Thus, in the proposed device (FIG. 2d), the output recorded signal V (t) is subjected to a discrete-to-analogue Q-conversion, namely the process of periodic sampling of fragments of this signal with frequency fr, and the sampling time of each fragment V (t) is equal to the pause time (point Ј) between adjacent fragments. During the pause, rectangular pulses of positive or negative polarity are formed (shown in Fig. 2 by a dotted line) with the help of control signals (Fig. 26, c) generated by control unit 6.

five

five

0

- -one; MG

E,,

W

l

with,

In device C, the sampling time duration is equal to one quarter of the period of the write signal S (t)

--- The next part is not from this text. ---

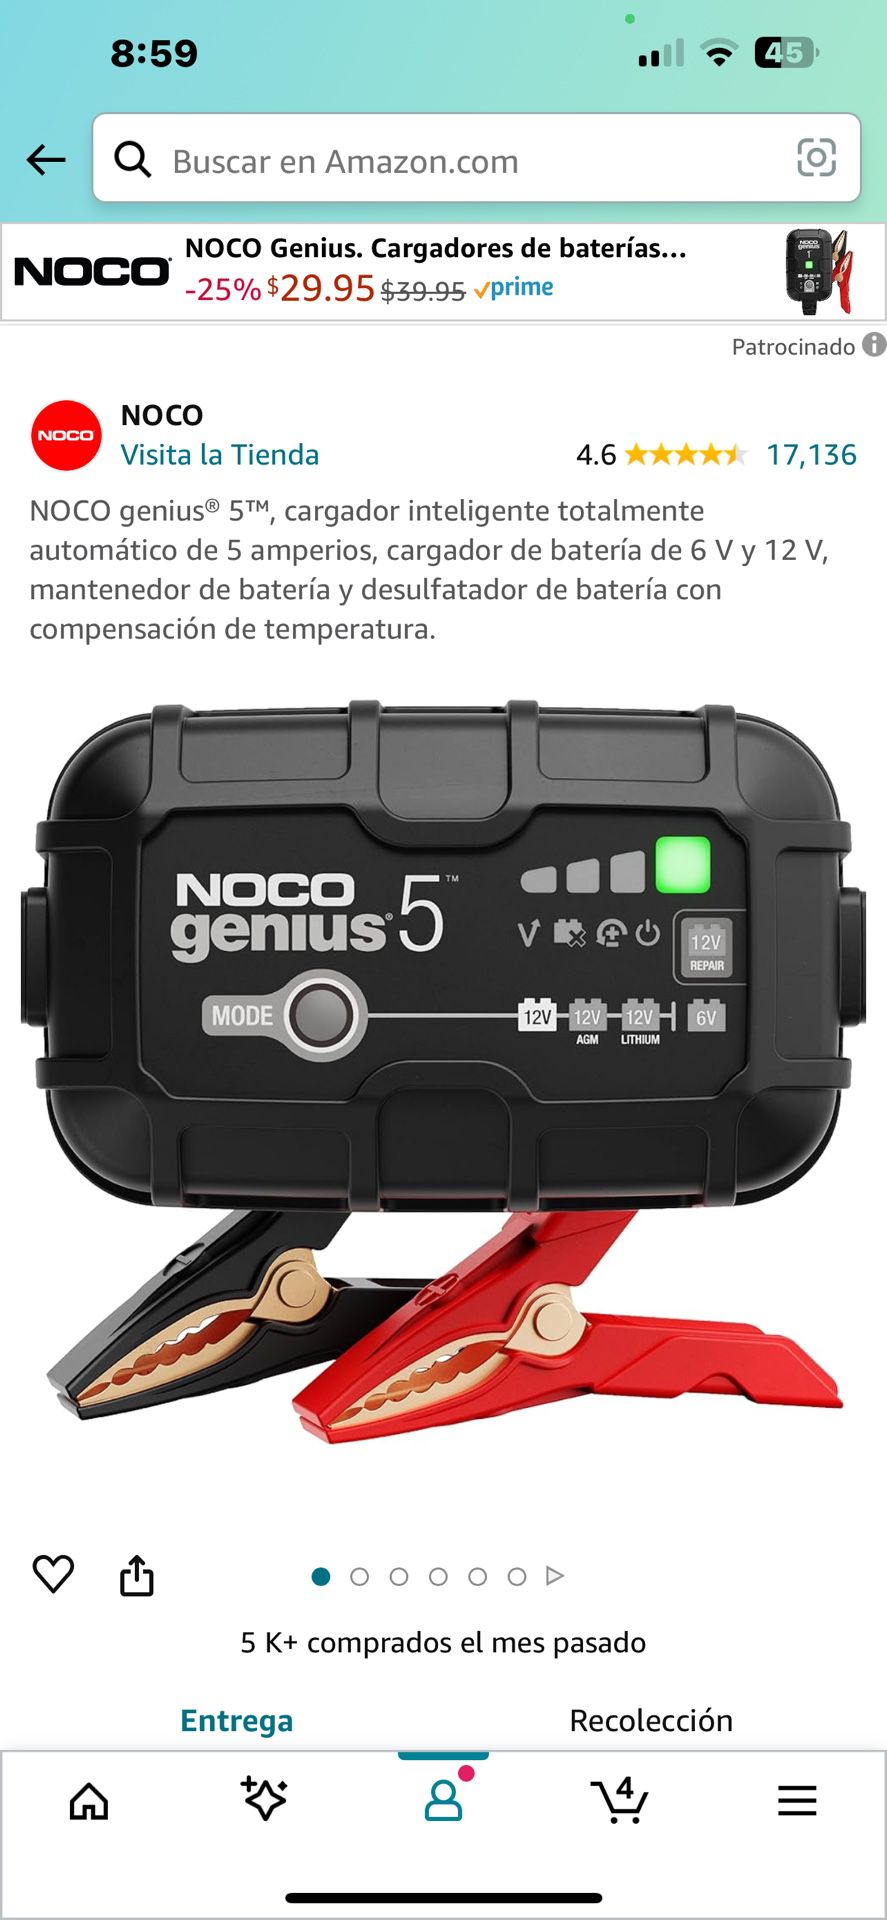 NOCO genius® 5™, cargador inteligente totalmente automático de 5 amperios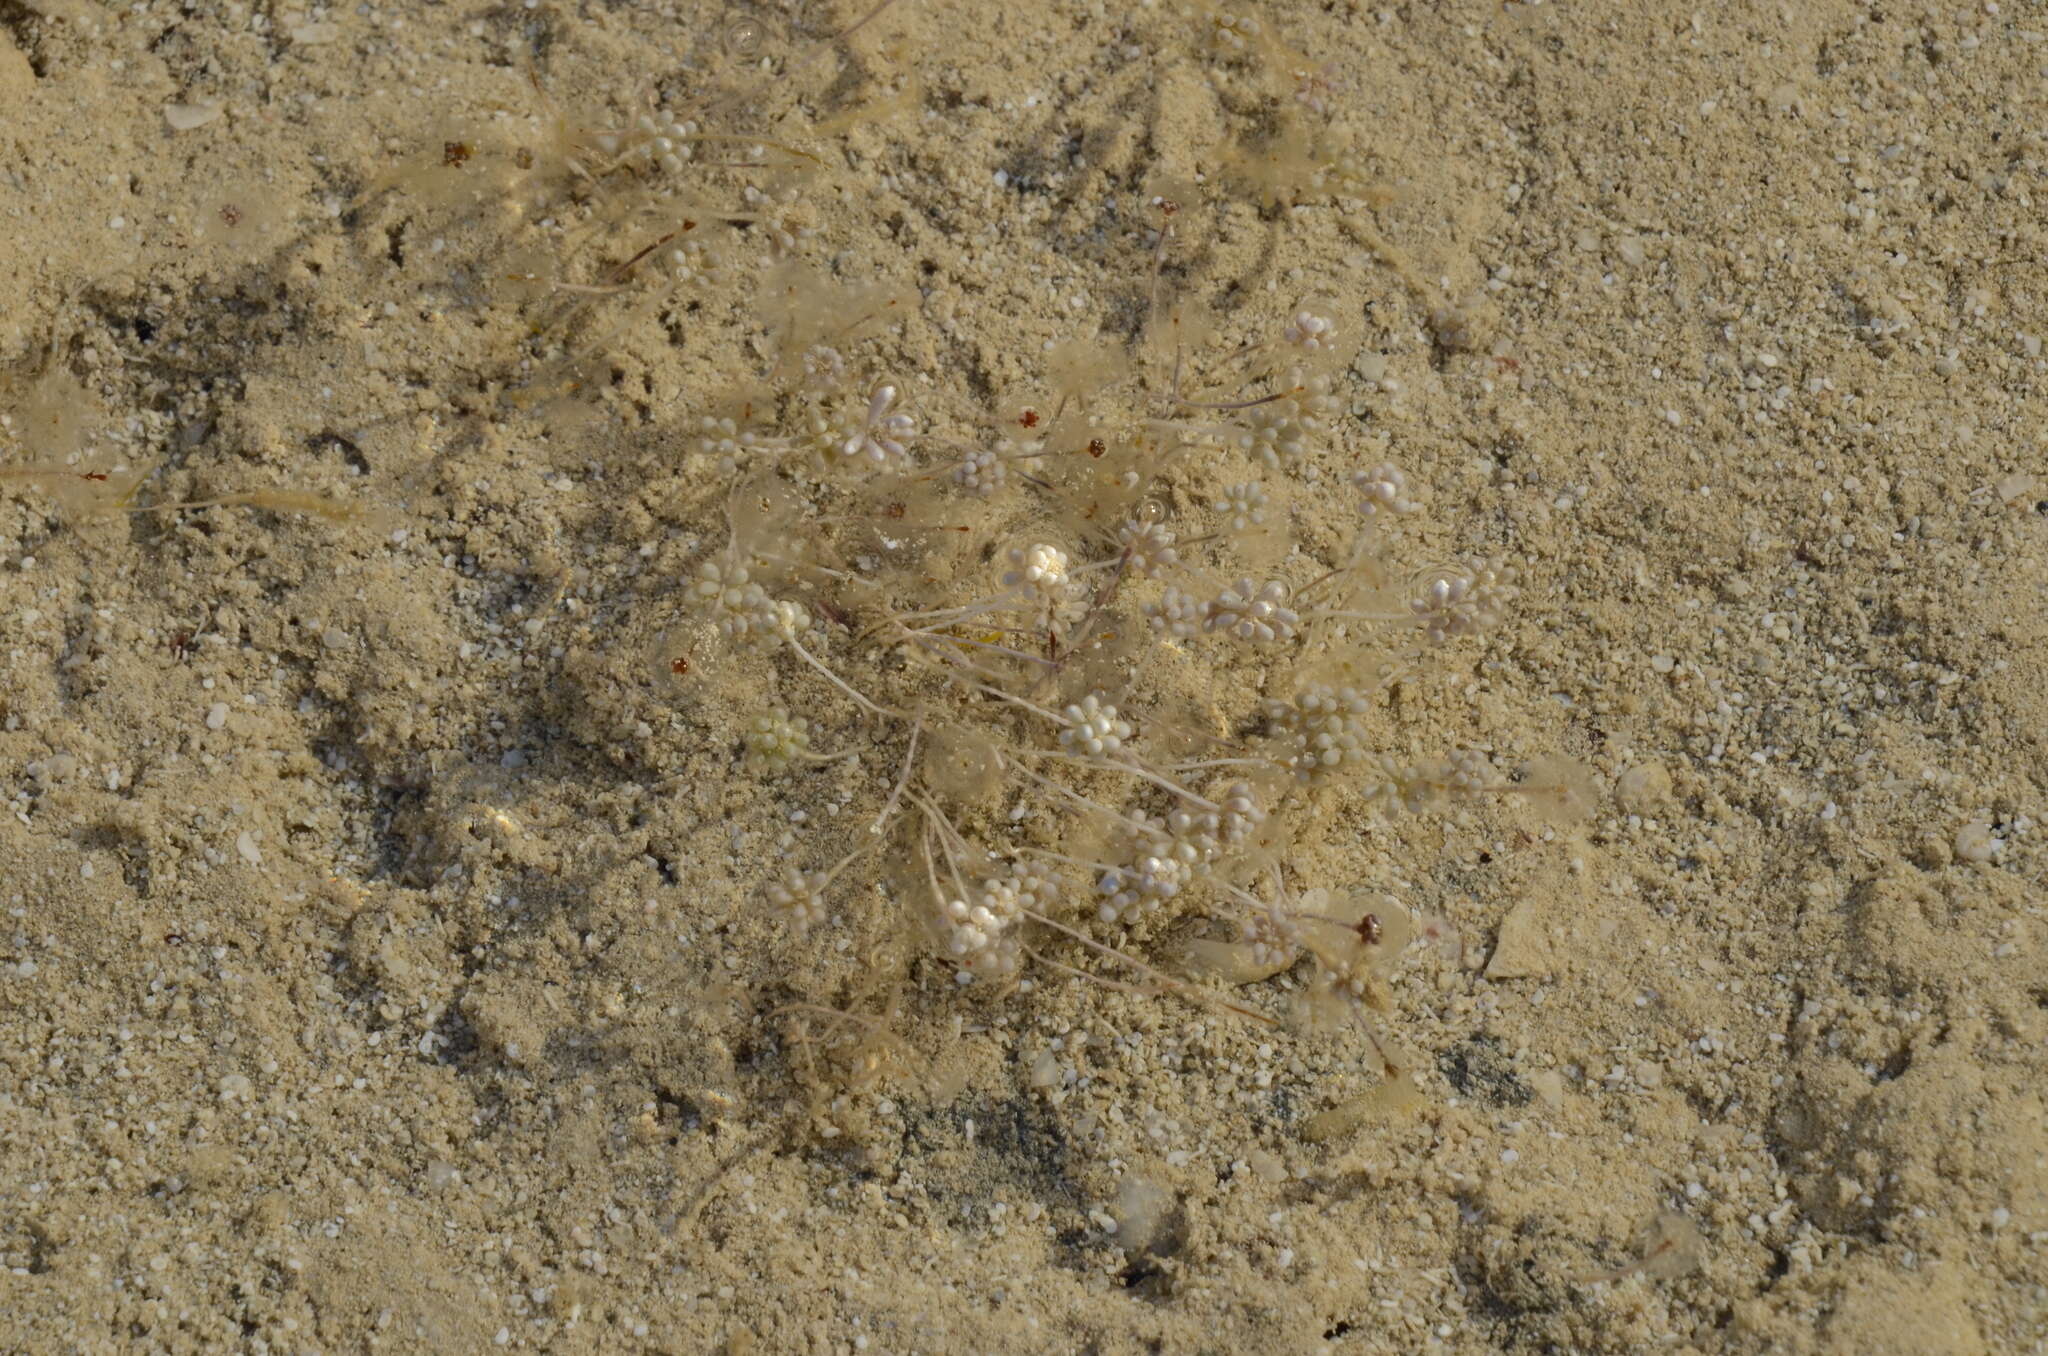 Image of Acetabularia peniculus

The sampling frequency F- in accordance with the Kotelnikov-Shannon theorem should be no less than twice, greater than the highest (FB) frequency of the input recorded signal V (t), to simplify the reproduction process, it is better to choose a) FB times. In the device

(7)

(5 ... 10) F

ft

(eight)

Taking into account expressions (6) - (8), such parameters as the highest frequency F g of the recorded signal V (t), frequency fr of the square pulse generator, amplitude E of the rectangular pulses (i.e., receiving + E and -E) reading sources operating in the pauses between the fragments of the sampled input signal V (t).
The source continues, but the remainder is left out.